I am going blind. As much as everyone would like to convince me that I will acquire some kind of new, metaphorical vision—a gift, really, an inner sight, a heightening of the other senses, blah, blah, blah—the fact remains: I am going blind.

At the support group last night, I heard for the umpteenth time about adaptive technologies, reading Braille, about people and machines and organizations that can help me. I am trying to help myself. The thing I’m most afraid of losing is my independence.

This morning, I made a trip to buy groceries. I had no trouble going down the three flights of stairs with my eyes closed. I had to peek when I got to the bottom landing. How many steps to the door? Where is the door handle if my right hand starts out on the banister and I take the five steps straight forward to the door?

Out the door, across the tiny porch, down eight stairs to ground level. Here it gets tricky. I close my eyes and shuffle my feet along the sidewalk, counting the cracks, measuring the irregularities with my toes, making a note of curbs and driveways. I am learning to use audible inputs to cross the street. I only have to cross one street to get to the next block, where Leland’s Grocery is.
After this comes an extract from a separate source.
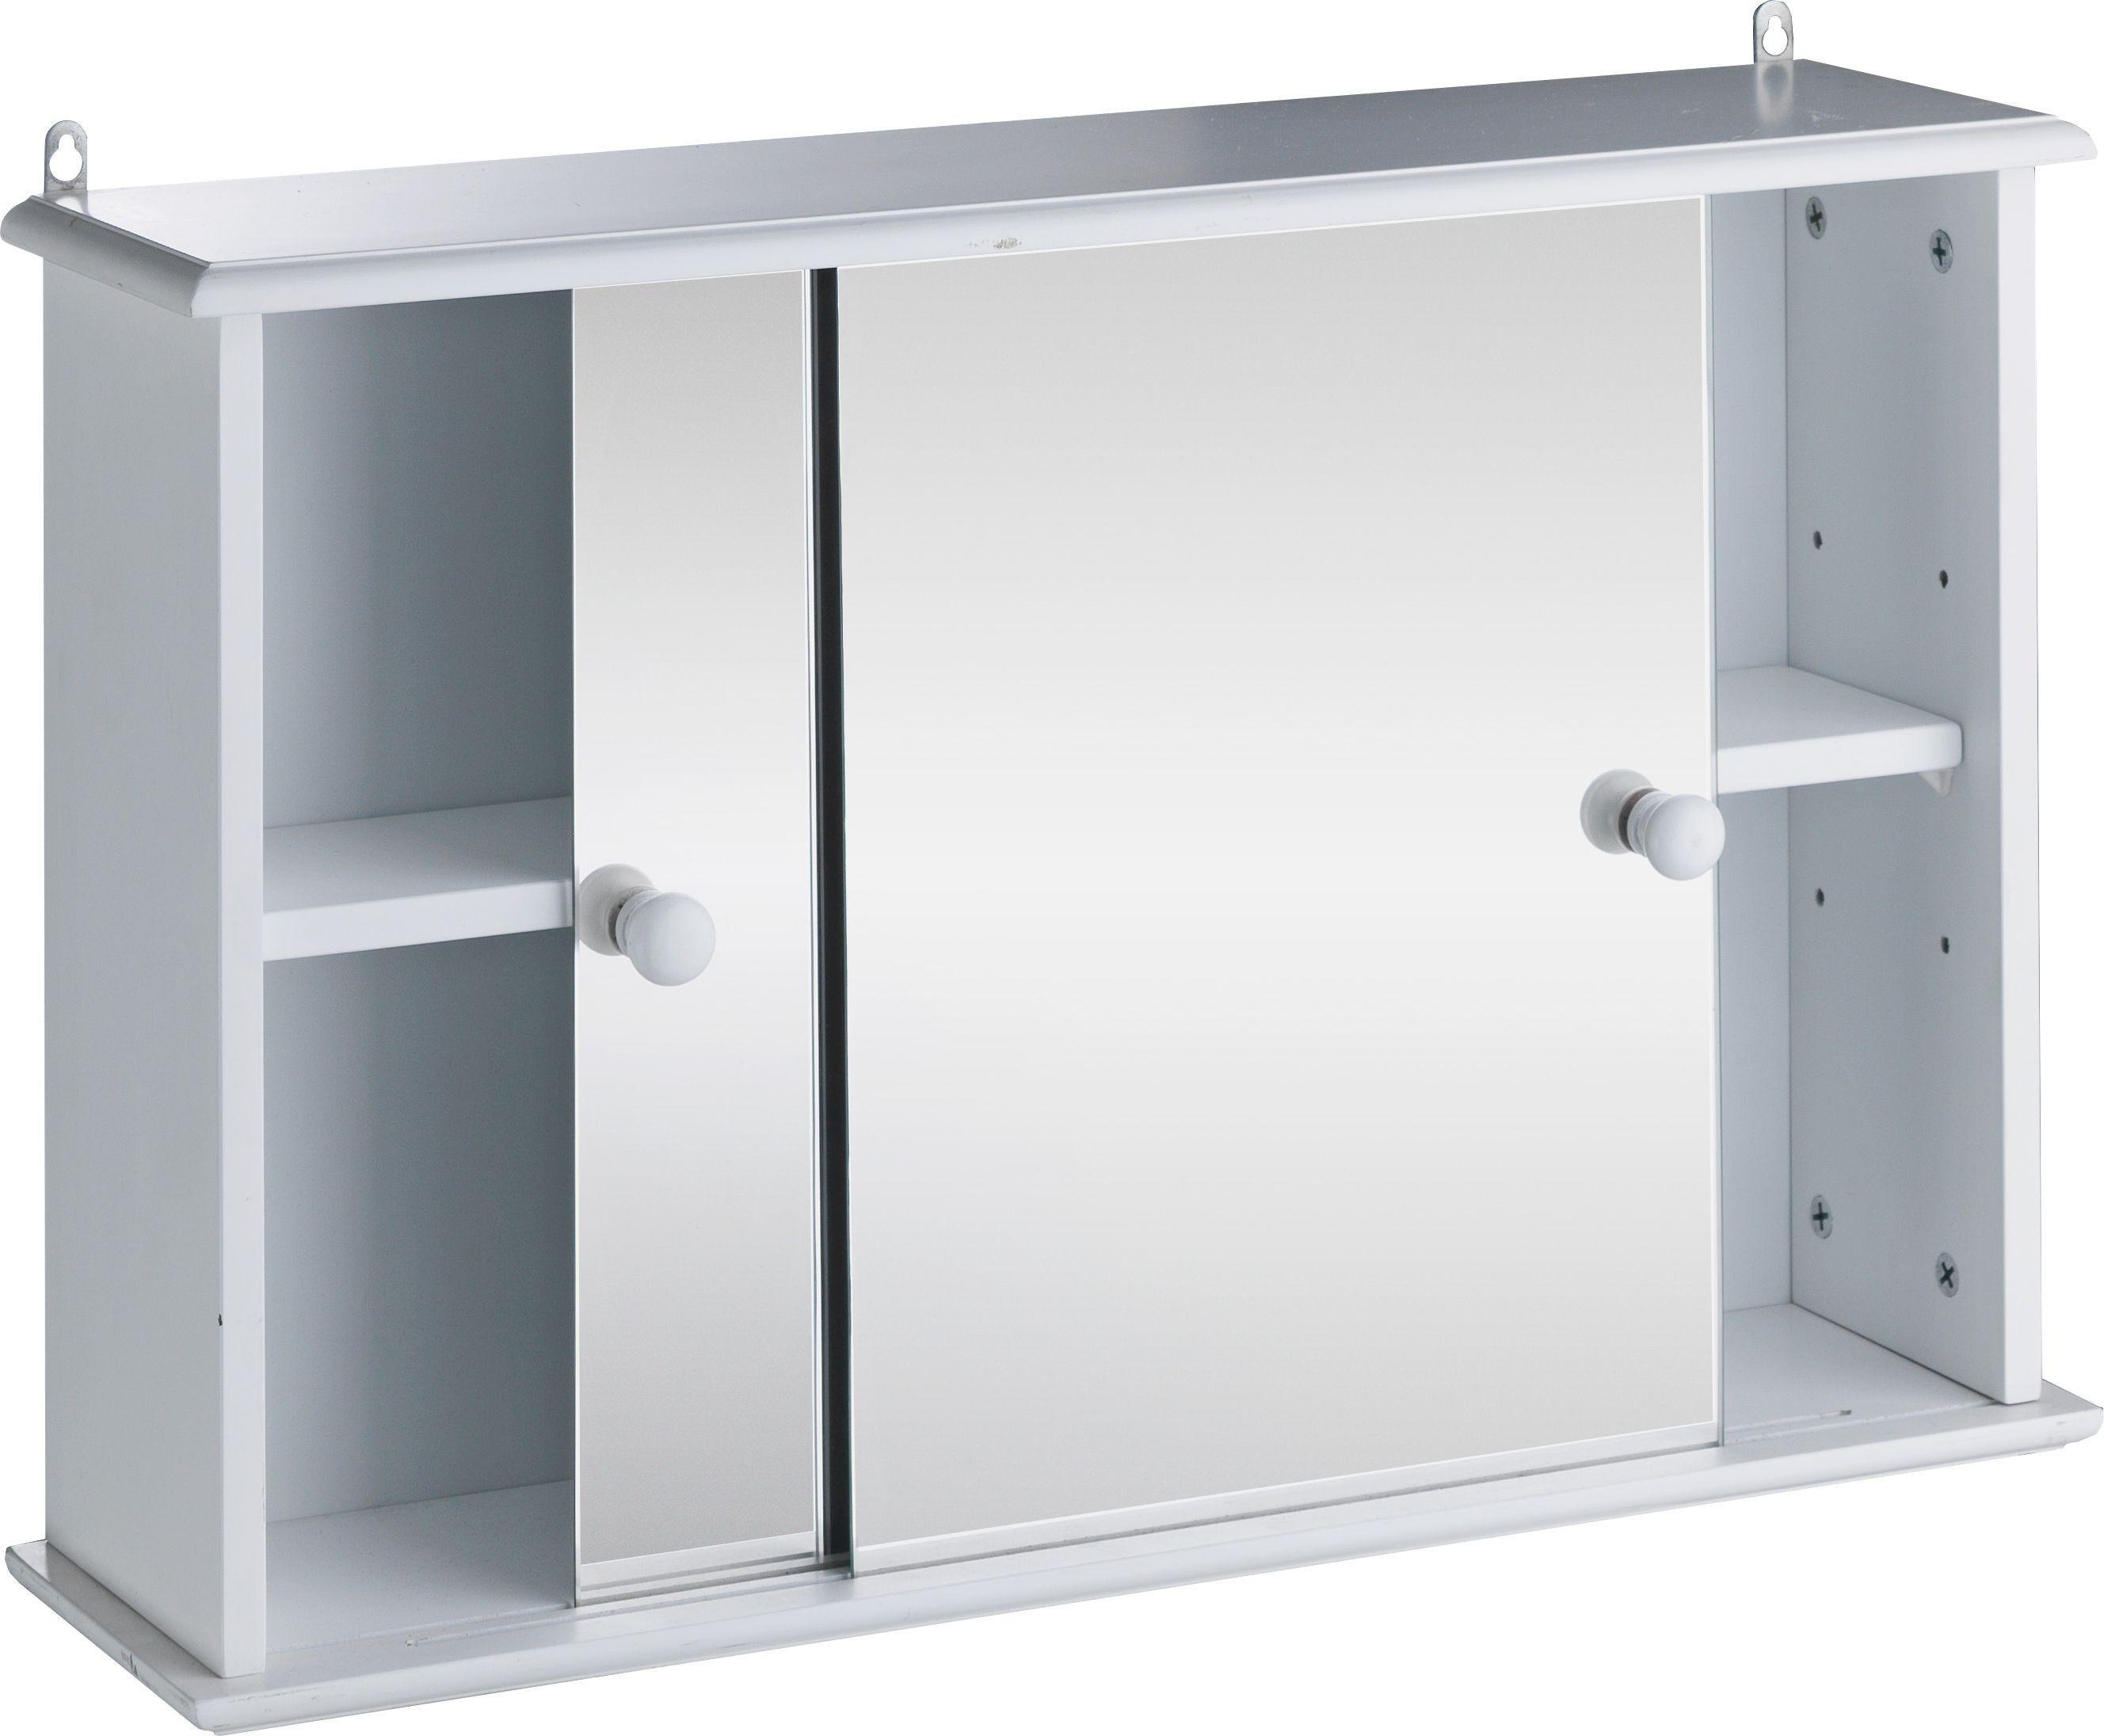 Argos Stainless Steel Double Mirrored Door Bathroom Cabinet Bathroom Sink Cabinets Argos With

I cheated some more along the route. I need visual cues to associate with the other sense data that I’m trying to memorize. The smell of coffee, flowering plants, and garbage. The sound of the traffic, of course, and of conversation coming out of open doors; the wind, a leaf-blower somewhere near by—must be the park, since there are no lawns in this neighborhood. I study the texture of the pavement and of the faces of the buildings I pass on my way.

After I arrived at the grocery store, I kept my eyes open. I don’t know if I will be able to learn the layout of the store, even though it’s a small one. So many products, so much complexity! I have experimented here before, and I get lost just trying to find my way around the produce aisle. How will I ever navigate the rows of boxes and canned goods? There’s not much point in wasting my energy here; I will have to have someone else do my grocery-shopping, or at least to accompany me here.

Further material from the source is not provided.